American International Coal Co. v. Commissioner

1982 T.C. Memo. 204, 43 T.C.M. 1097, 1982 Tax Ct. Memo LEXIS 545
CourtUnited States Tax Court
DecidedApril 15, 1982
DocketDocket No. 14574-79.
StatusUnpublished

This text of 1982 T.C. Memo. 204 (American International Coal Co. v. Commissioner) is published on Counsel Stack Legal Research, covering United States Tax Court primary law. Counsel Stack provides free access to over 12 million legal documents including statutes, case law, regulations, and constitutions.

Bluebook
American International Coal Co. v. Commissioner, 1982 T.C. Memo. 204, 43 T.C.M. 1097, 1982 Tax Ct. Memo LEXIS 545 (tax 1982).

Opinion

AMERICAN INTERNATIONAL COAL CO., INC., Petitioner v. COMMISSIONER OF INTERNAL REVENUE, Respondent
American International Coal Co. v. Commissioner
Docket No. 14574-79.
United States Tax Court
T.C. Memo 1982-204; 1982 Tax Ct. Memo LEXIS 545; 43 T.C.M. (CCH) 1097; T.C.M. (RIA) 82204;
April 15, 1982.
Roy J. Roscoe, for the petitioner.
Edward F, Peduzzi, Jr., for the respondent.

FEATHERSTON

MEMORANDUM FINDINGS OF FACT AND OPINION

FEATHERSON, Judge: Respondent determined a deficiency in the amount of $ 21,975.87 in petitioner's Federal income tax for 1975. The sole issue 1 for decision is whether petitioner, a corporation, paid Stephen C. Levitt, an employee and shareholder, $ 54,800 as deductible compensation for services or as a nondeductible distribution in redemption of his stock.

*546 FINDINGS OF FACT

Petitioner, American International Coal Co., Inc., had its principal office in Pittsburgh, Pennsylvania, when the petition was filed. Petitioner filed its Federal income tax return for 1975 with the Philadelphia Service Center.

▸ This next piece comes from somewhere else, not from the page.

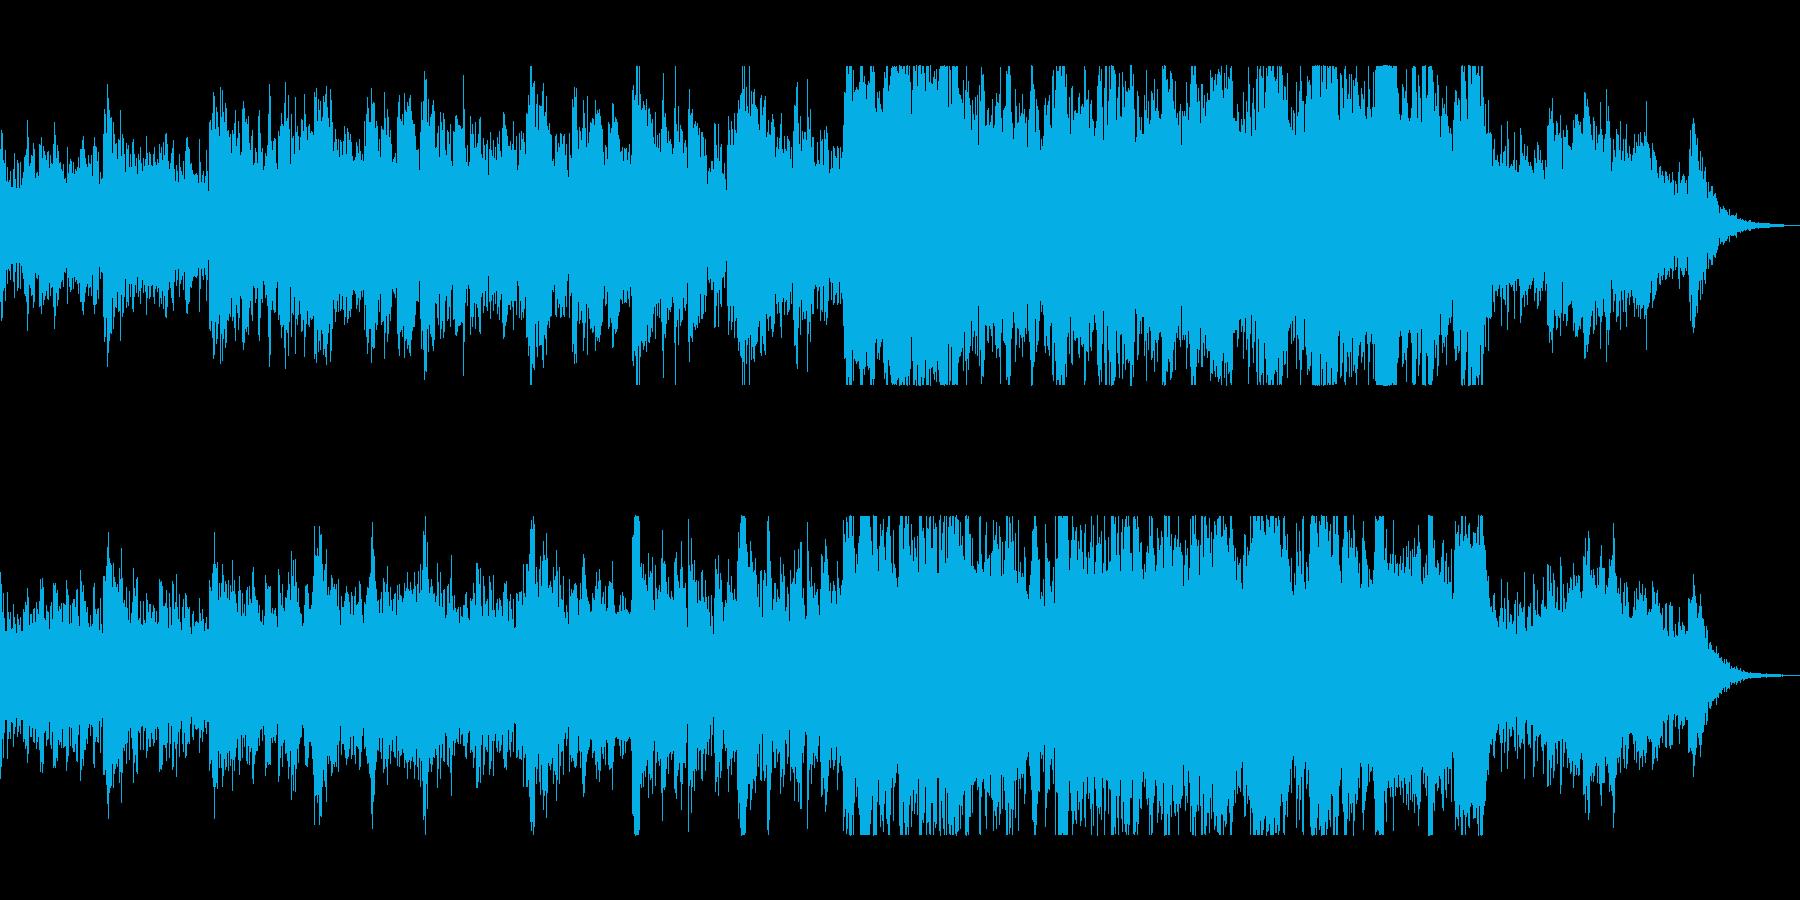 電子オーケストラの壮大サウンドトラックの再生済みの波形

On December 5, 1974, Robert L. Todd (Todd), Stephen C. Levitt (Levitt), and Richard C. Schomaker (Schomaker) entered into a preincorporation agreement in which they agreed to form a corporation to be known as American International Coal Company, Inc., to conduct a coal mining and brokering business. Each party was to contribute to the corporation "all business contacts, contracts and any and all rights pertaining to coal" excepting two coal contracts specifically reserved by Todd. Article 3 of the agreement provided that:

If any party to this Agreement performs services in excess of those services rendered by the other shareholders, he shall be compensated on a reasonable basis in addition to his proportion of the net profits.

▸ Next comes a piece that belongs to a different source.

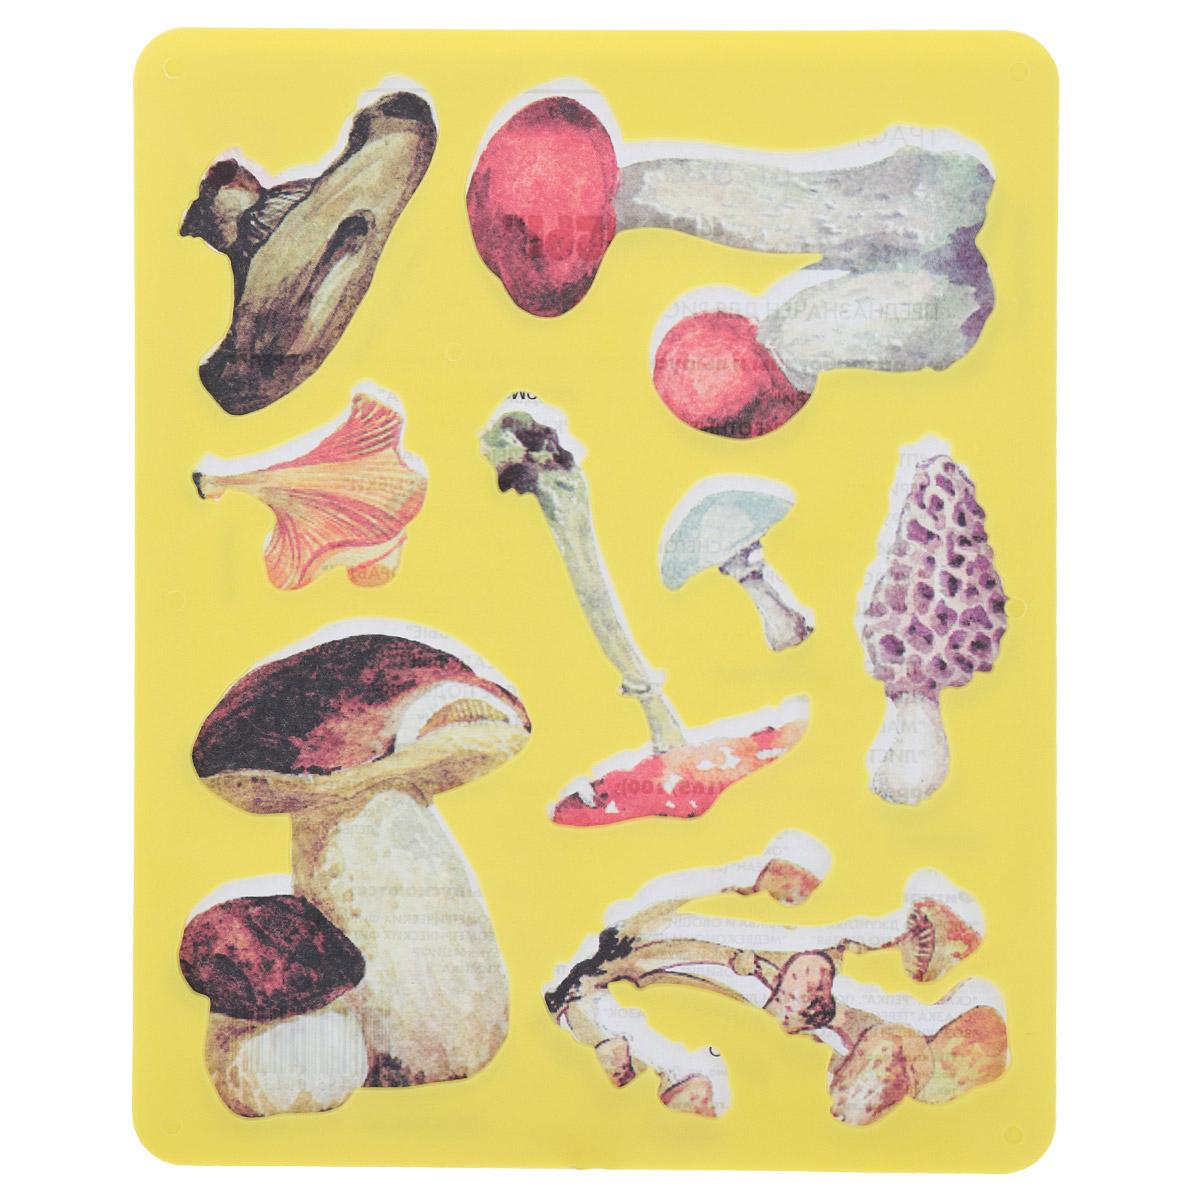 Трафарет прорезной Луч Грибы9С 450-08Трафарет Луч Грибы, выполненный из безопасного пластика, предназначен для детского творчества. По трафарету маленький художник сможет нарисовать грибы, а также ознакомиться с их видами: подосиновик, сморчок, опята, мухомор, белый гриб, лисичка, черный груздь. Для этого необходимо положить трафарет на лист бумаги, обвести фигуру по контуру и раскрасить по своему вкусу или глядя на цветную картинку-образец. Трафареты предназначены для развития у детей мелкой моторики и зрительно-двигательной координации, навыков художественной композиции и зрительного восприятия.

As to the division of net profits, Article 4 of the agreement provided that: "All net profits, after expenses, shall be divided equally among the shareholders." All business decisions were to be made by*547 a majority vote of the shareholders.

Of the three incorporators, Todd was the only one with previous experience in the coal business. He arranged for operating capital, and he was expected to handle activities in the coal fields. Levitt was to be responsible for day-to-day operations, and Schomaker was to serve as legal counsel. Levitt and Schomaker as cosigners were authorized to write checks for the business from a checking account opened by Levitt.

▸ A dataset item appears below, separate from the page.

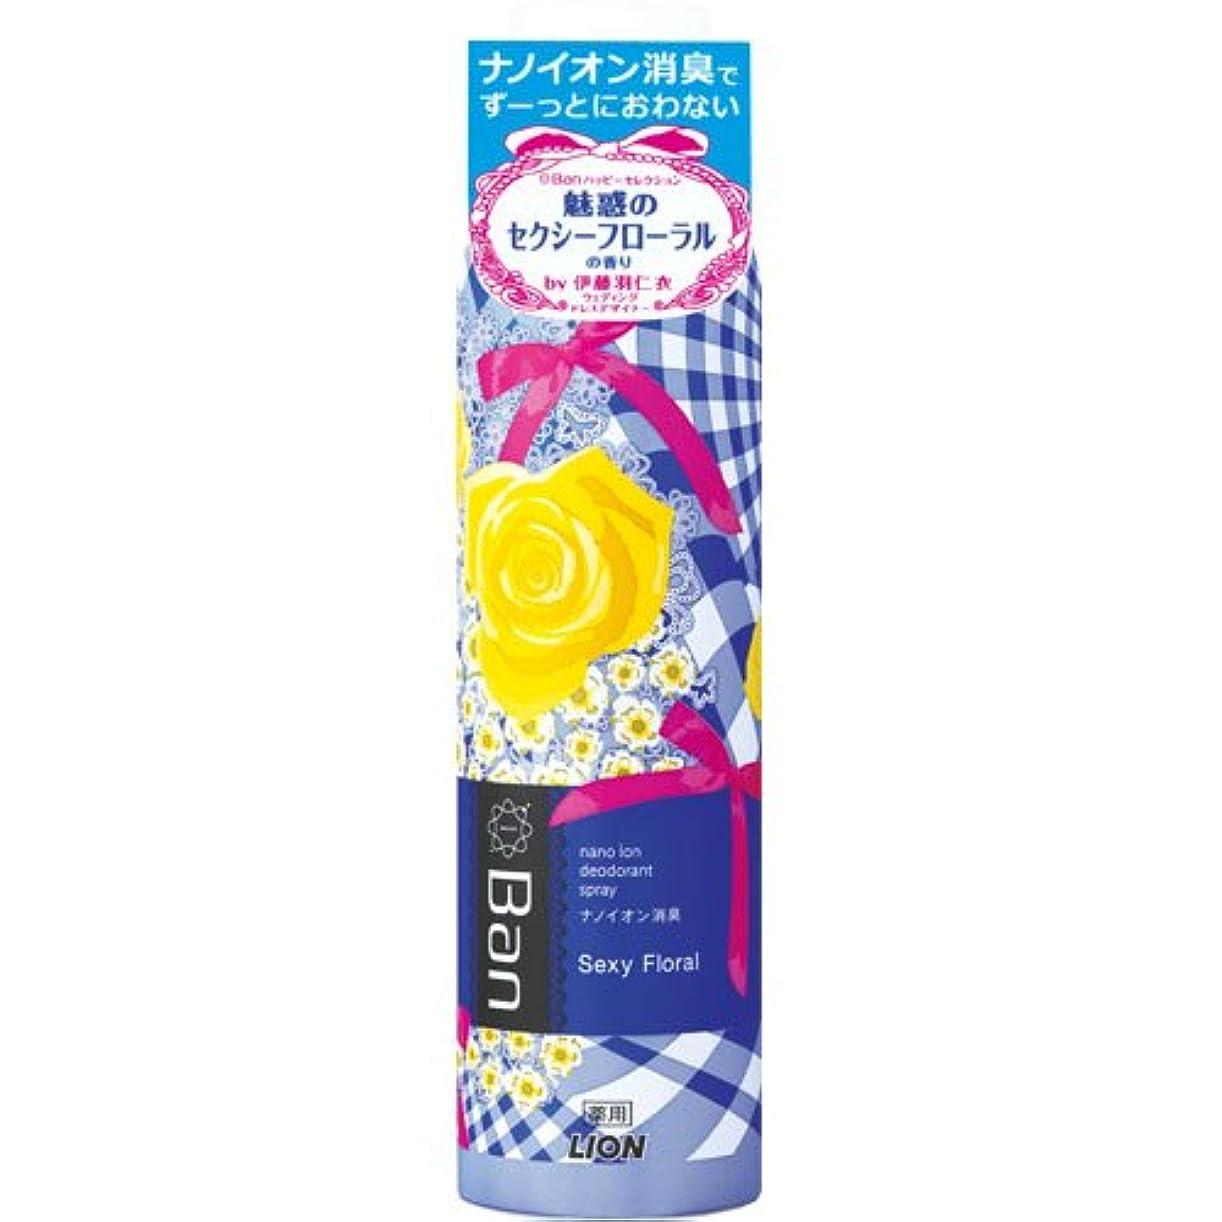 可能フォーク頑丈Ban デオドラントパウダースプレー 魅惑のセクシーフローラルの香り 特大 135g (医薬部外品)

After petitioner's incorporation on December 24, 1974, the preincorporation agreement was ratified by the corporation in all respects except as to Todd. Because Todd was believed to have misapplied some funds, he was not permitted to become an officer or shareholder, but he served as a "probationary employee" until March or April 1975. Levitt and Schomaker became the original and only shareholders, each owning 50 percent (1,000 shares each) of the stock.

Levitt devoted much of his time to the work of the corporation from the outset. Beginning May 1, 1975, he became a full-time employee of petitioner with an office in his home, receiving a salary of $ 400 per week plus the use of a car and hospitalization insurance. The salary*548 received by Levitt during 1975 totaled $ 8,600. For his legal services to petitioner, Schomaker received $ 1,800 prior to September 23, 1975, and $ 5,600 for the remainder of the year, a total of $ 7,400.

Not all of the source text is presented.